Print the whole listing again exactly as it stands, leaving out any images.

Data excerpt
- - - - - - -
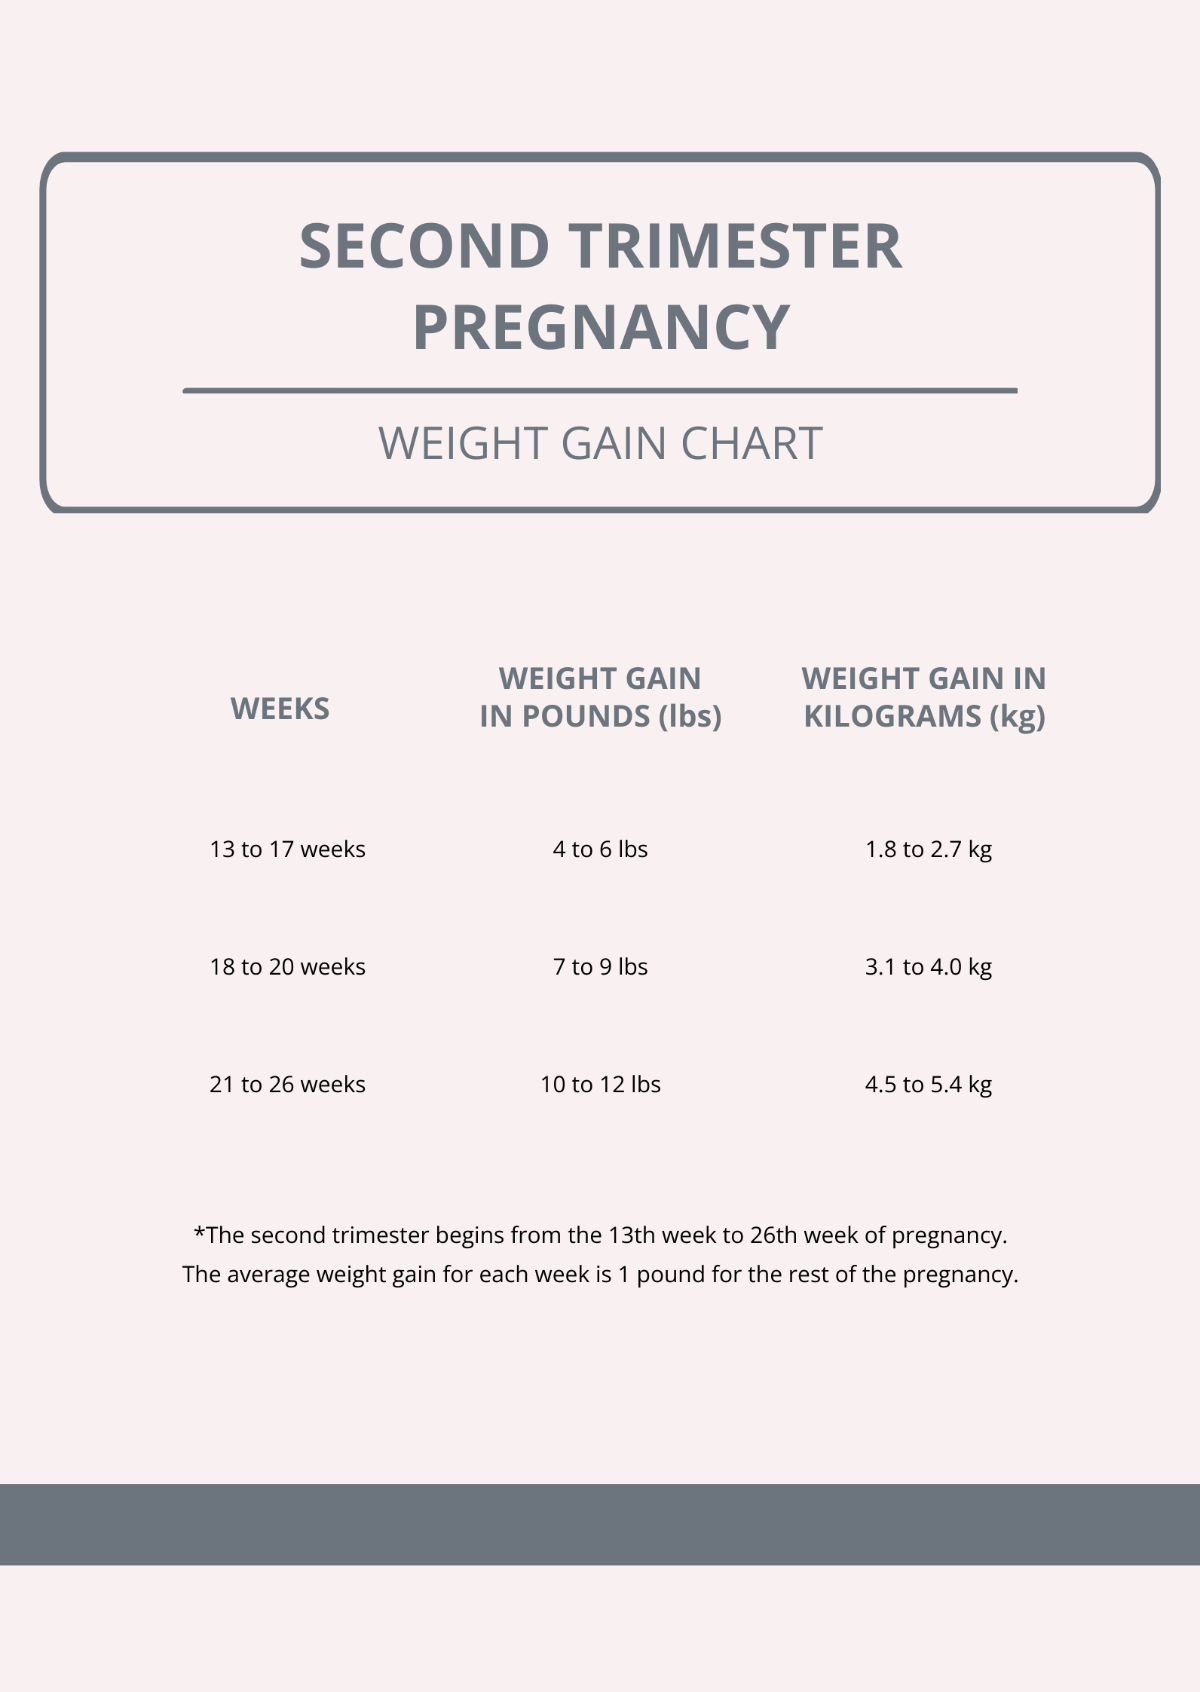 Second Trimester Pregnancy Weight Gain Chart
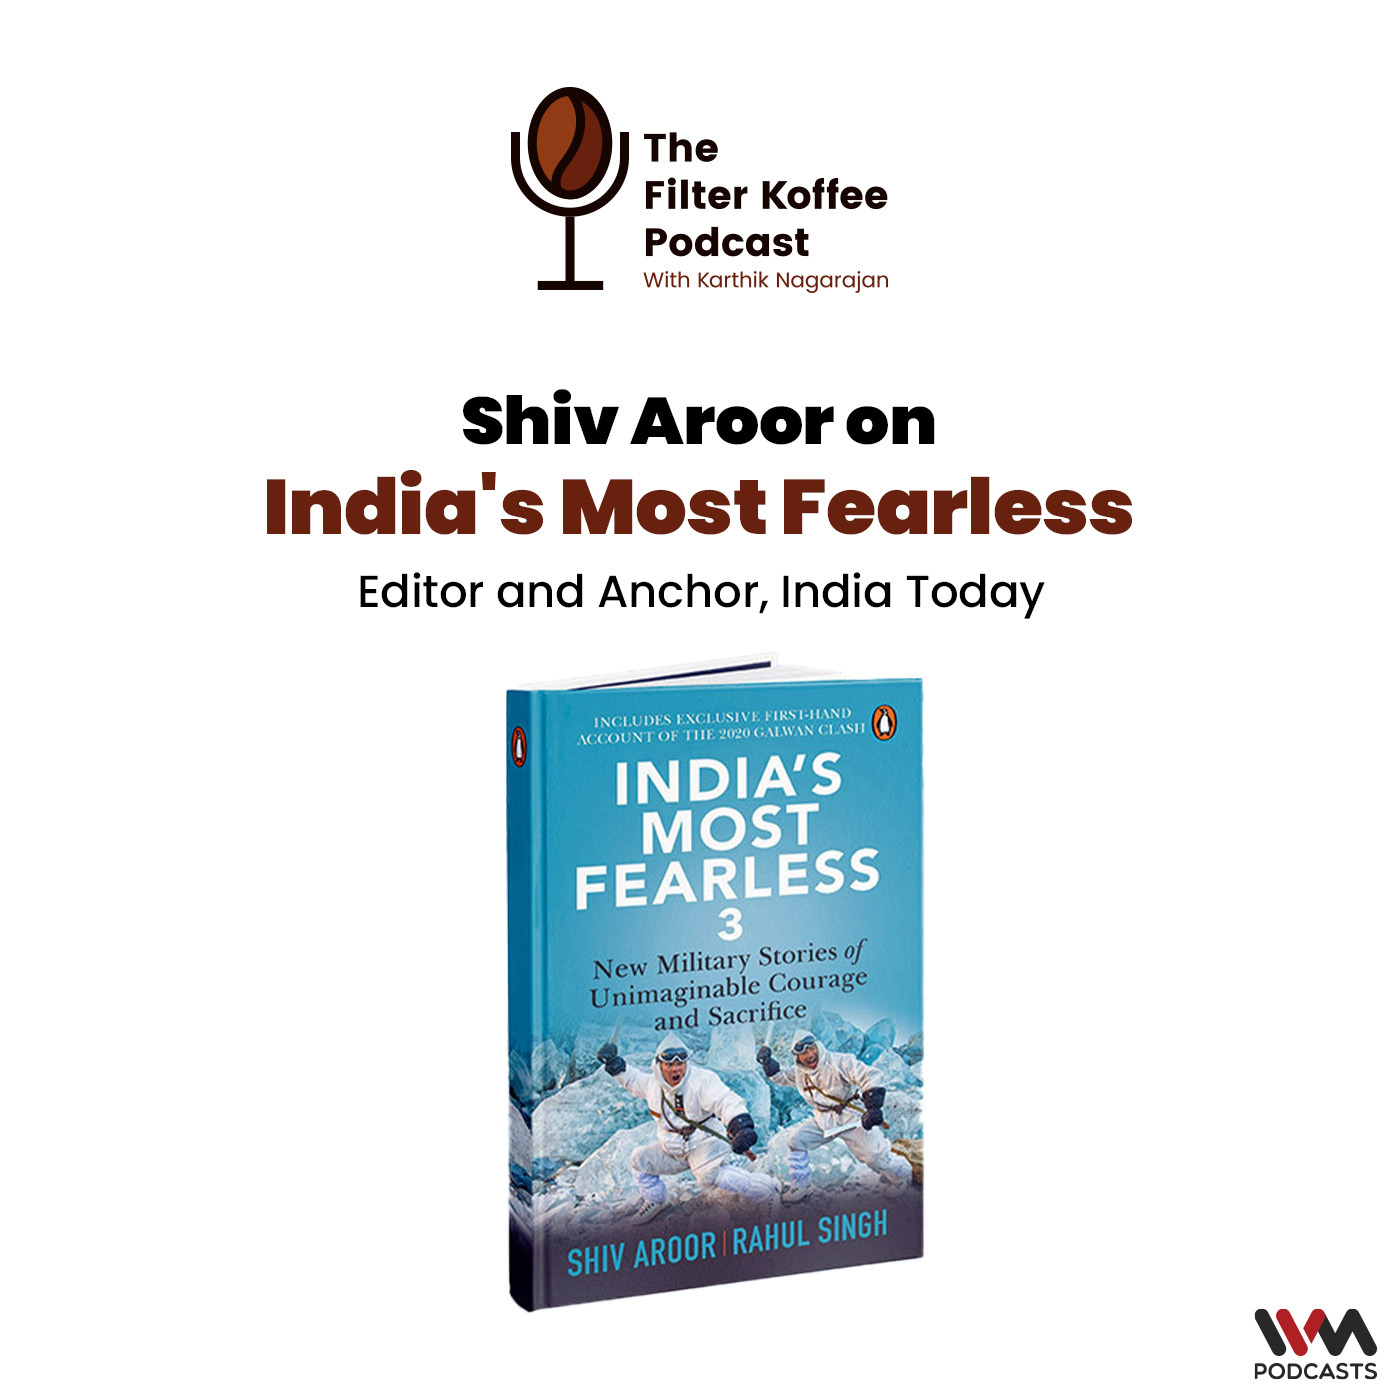 Shiv Aroor on India's Most Fearless
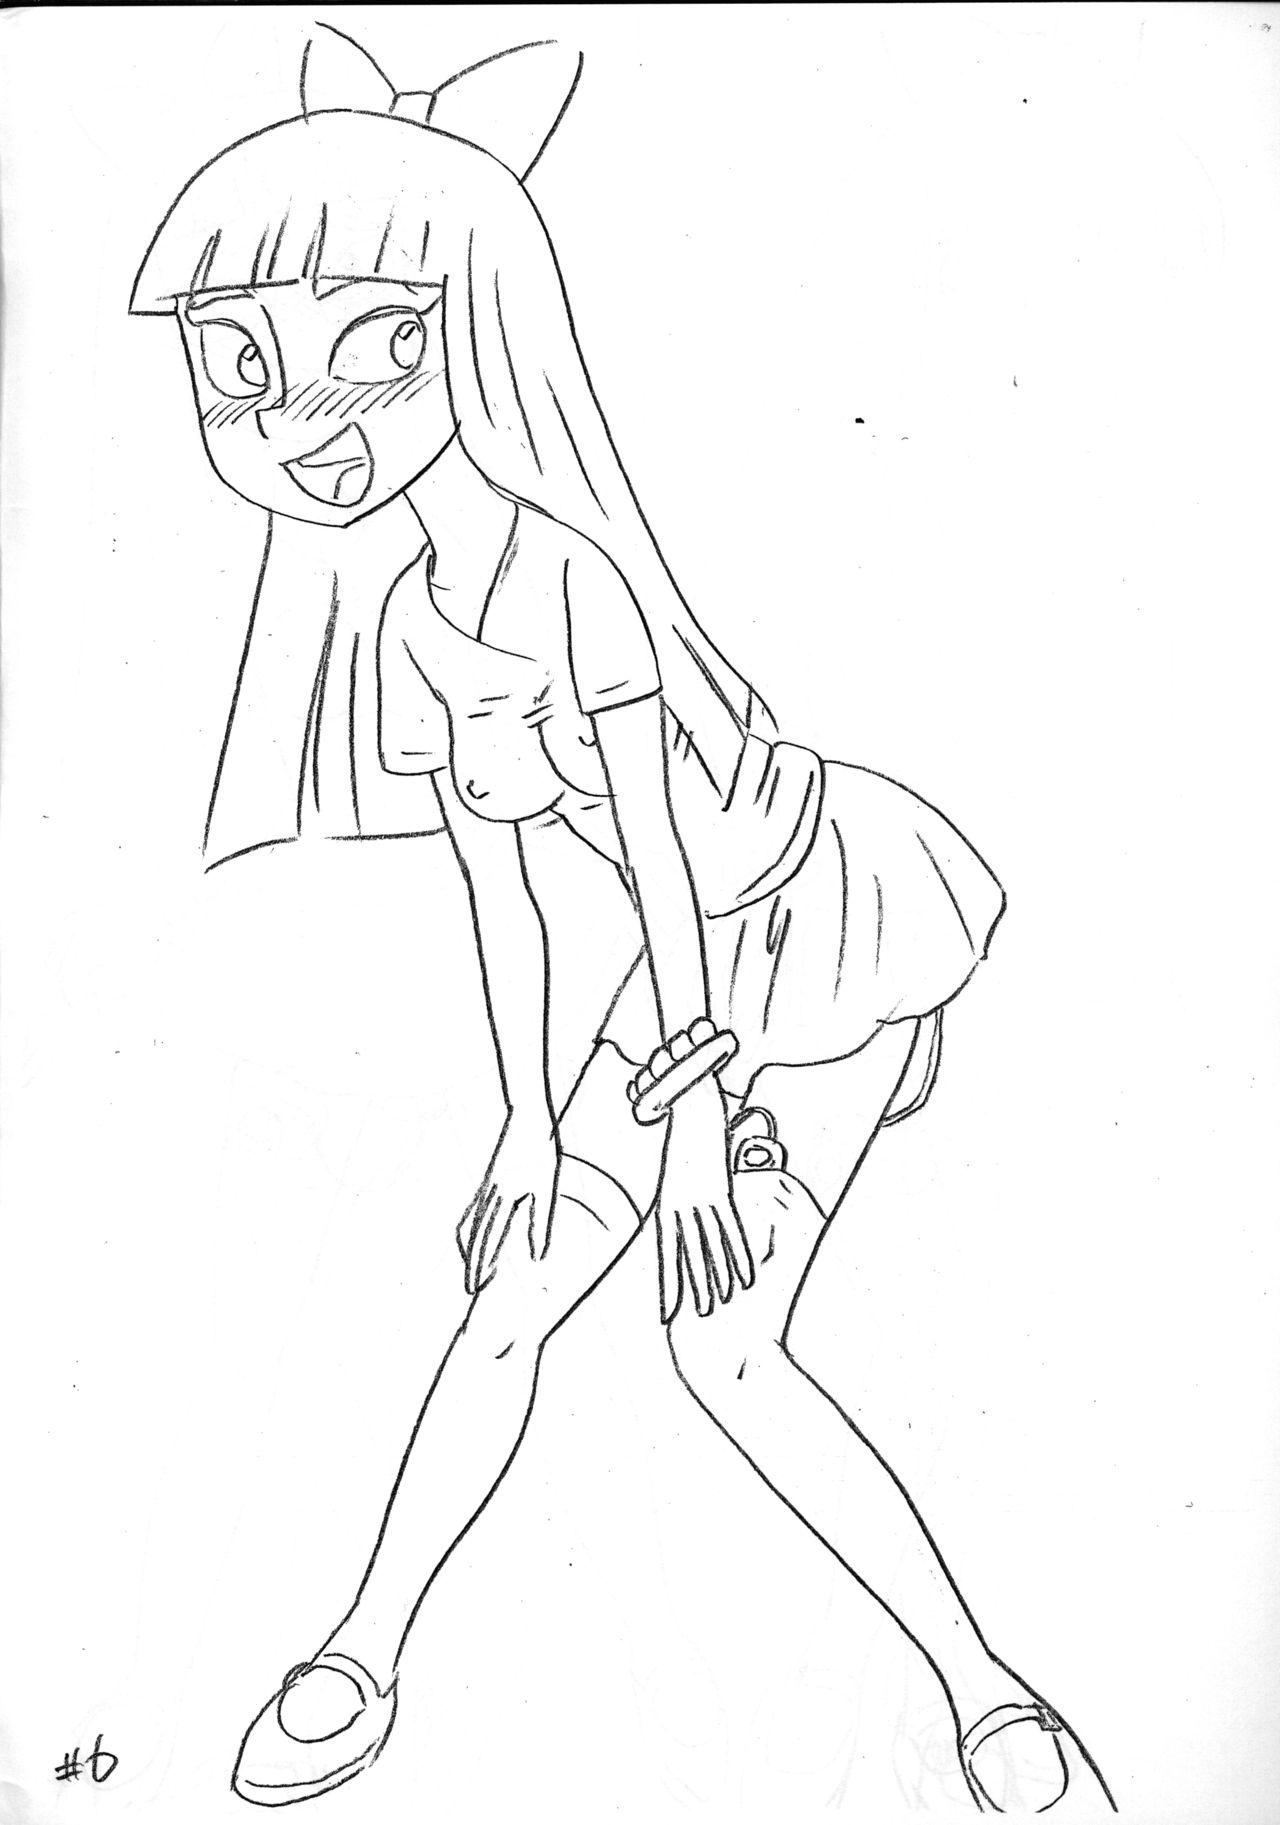 Classy Psychosomatic Counterfeit Ex: Stacy in A.S. - Phineas and ferb Voyeursex - Page 5
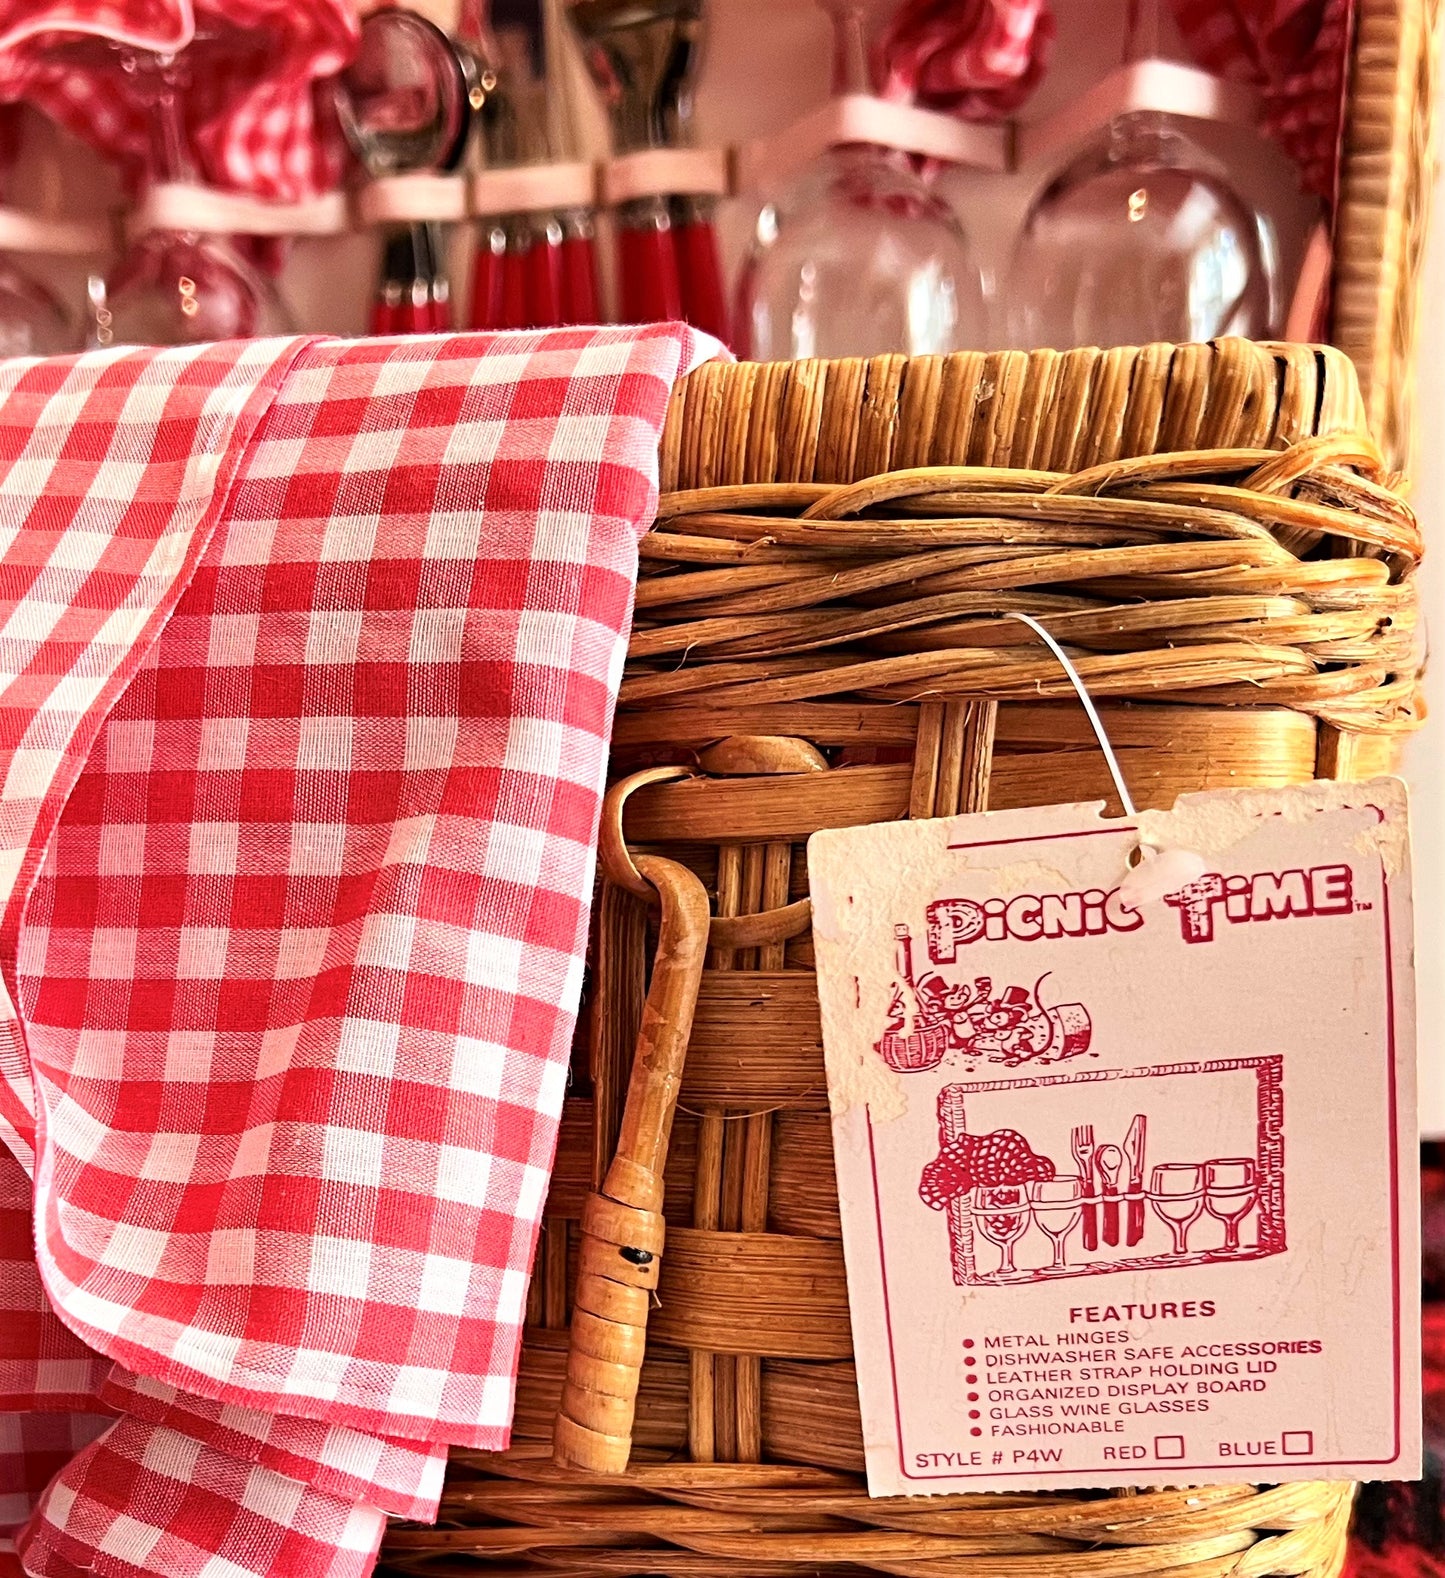 Picnic Basket Set with Red and White Gingham, 1980s by Picnic Time with Original Tag
- - - - - - -
Result
 Second Trimester Pregnancy Weight Gain Chart
 Shiv Aroor on India's Most Fearless
 Classy Psychosomatic Counterfeit Ex: Stacy in A.S. - Phineas and ferb Voyeursex - Page 5
 Picnic Basket Set with Red and White Gingham, 1980s by Picnic Time with Original Tag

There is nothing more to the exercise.